--- Dataset content ---

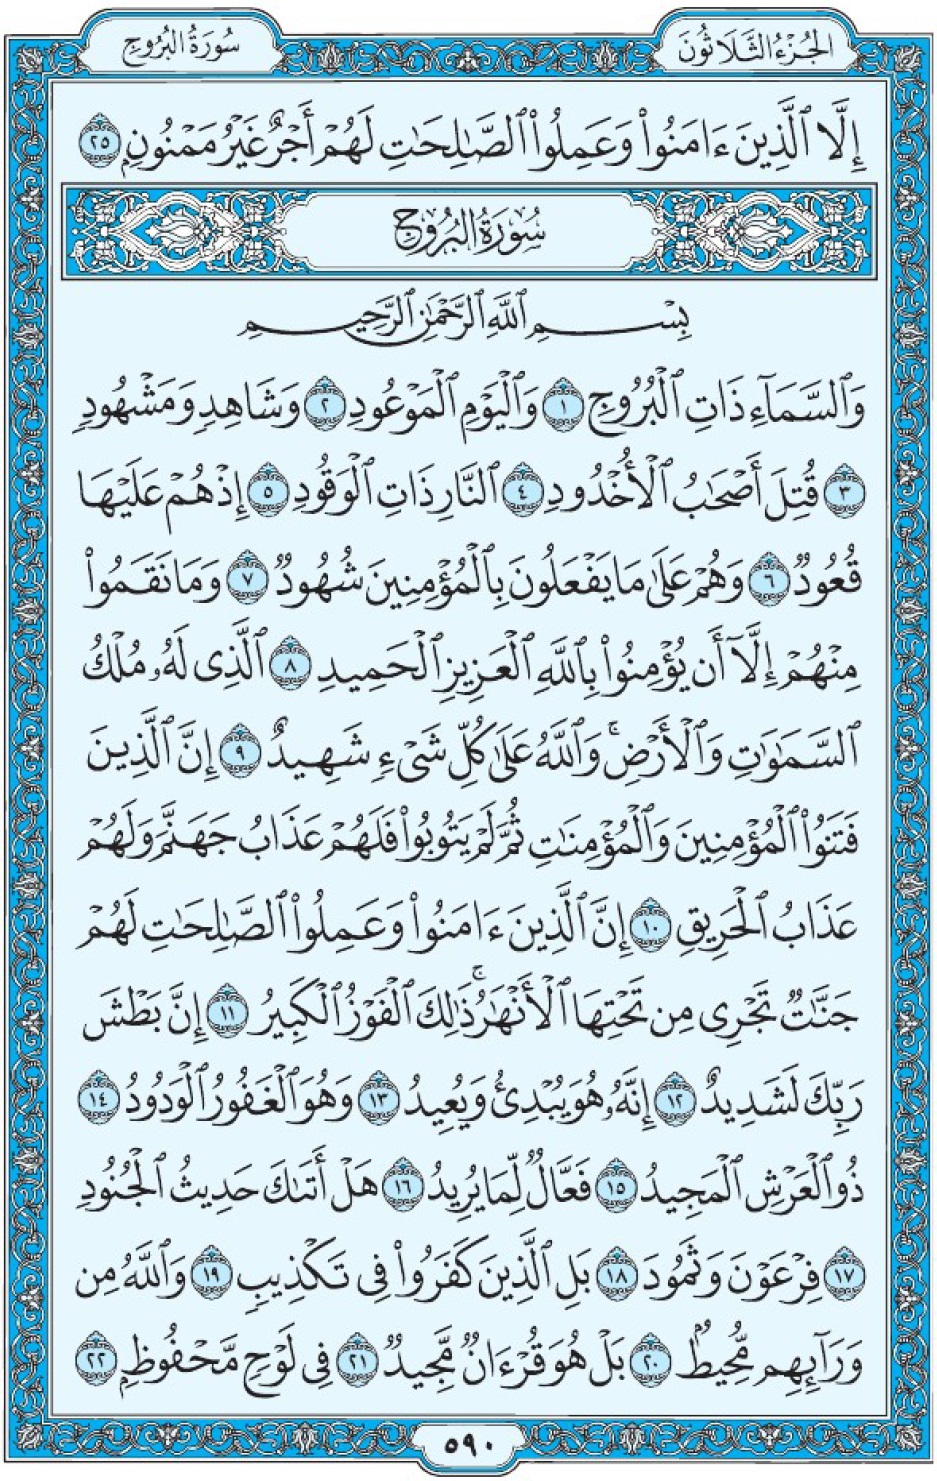 Коран Мединский мусхаф страница 590 сура 85 аль-Бурудж, سورة ٨٥ البروج 
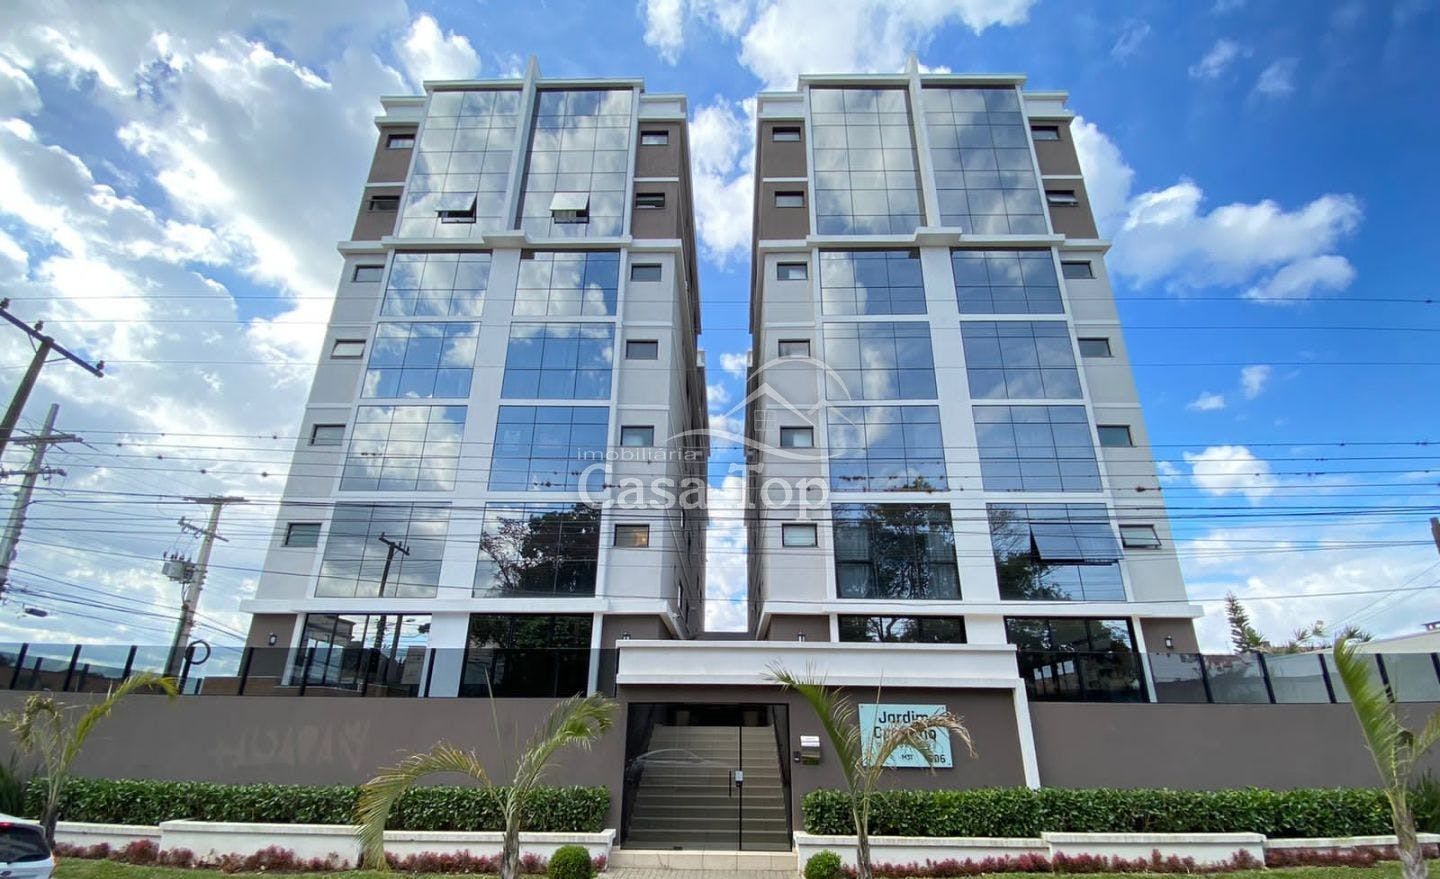  Apartamento para alugar Residencial Jardim Carvalho 
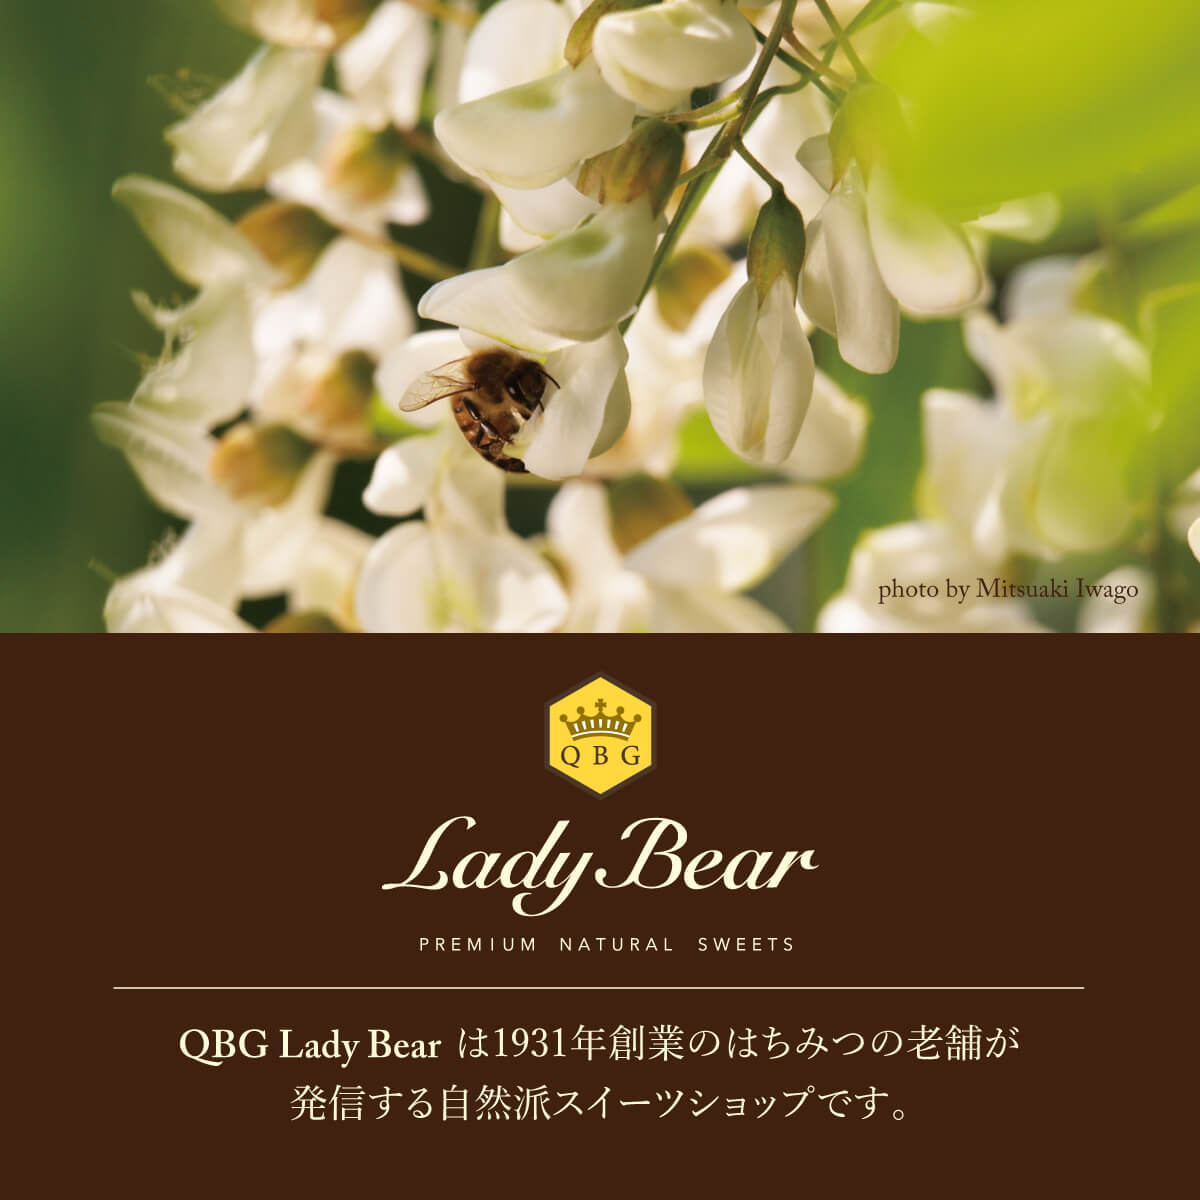 QBG Lady Bearは1931年創業のはちみつの老舗が発信する自然派スイーツショップです。

---

- _What to work on_: Please restate the data word for word, leaving out any picture it holds.

- _Response to the exercise_:
 Коран Мединский мусхаф страница 590 сура 85 аль-Бурудж, سورة ٨٥ البروج 
  Apartamento para alugar Residencial Jardim Carvalho 
 QBG Lady Bearは1931年創業のはちみつの老舗が発信する自然派スイーツショップです。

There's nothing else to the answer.